Problem statement:
Nothing below is to be printed except the lines between the line holding "1985 - PALAU" and the line holding "Пётр Фадеев Неврология цена 2017", inclusive, each exactly as it appears.

Data:
* * * *

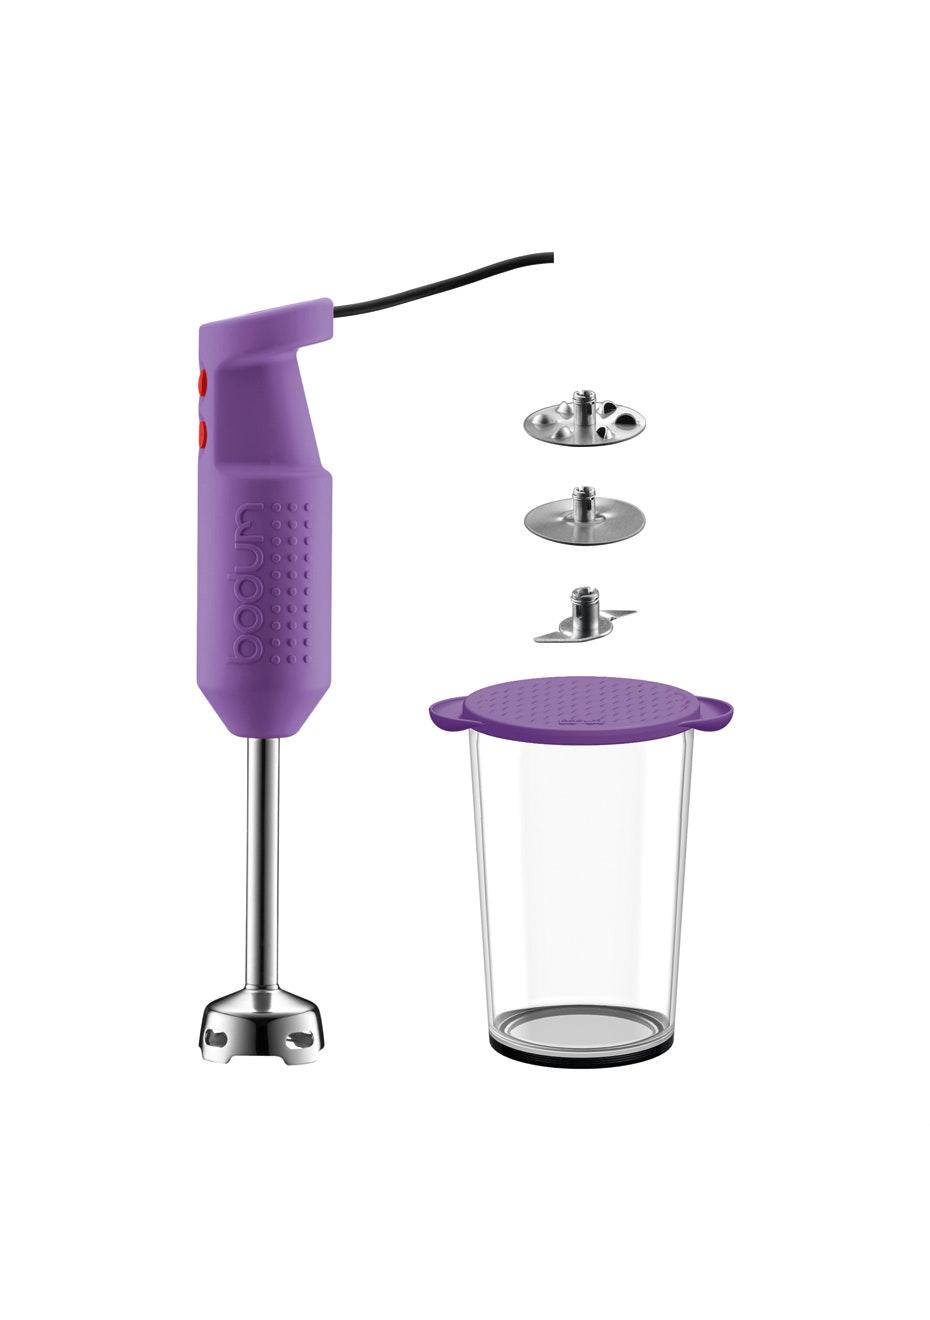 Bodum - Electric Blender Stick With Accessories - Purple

* * * *

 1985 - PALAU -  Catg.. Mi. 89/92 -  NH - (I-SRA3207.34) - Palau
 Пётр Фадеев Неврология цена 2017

* * * *

Completed exercise:
 1985 - PALAU -  Catg.. Mi. 89/92 -  NH - (I-SRA3207.34) - Palau
 Пётр Фадеев Неврология цена 2017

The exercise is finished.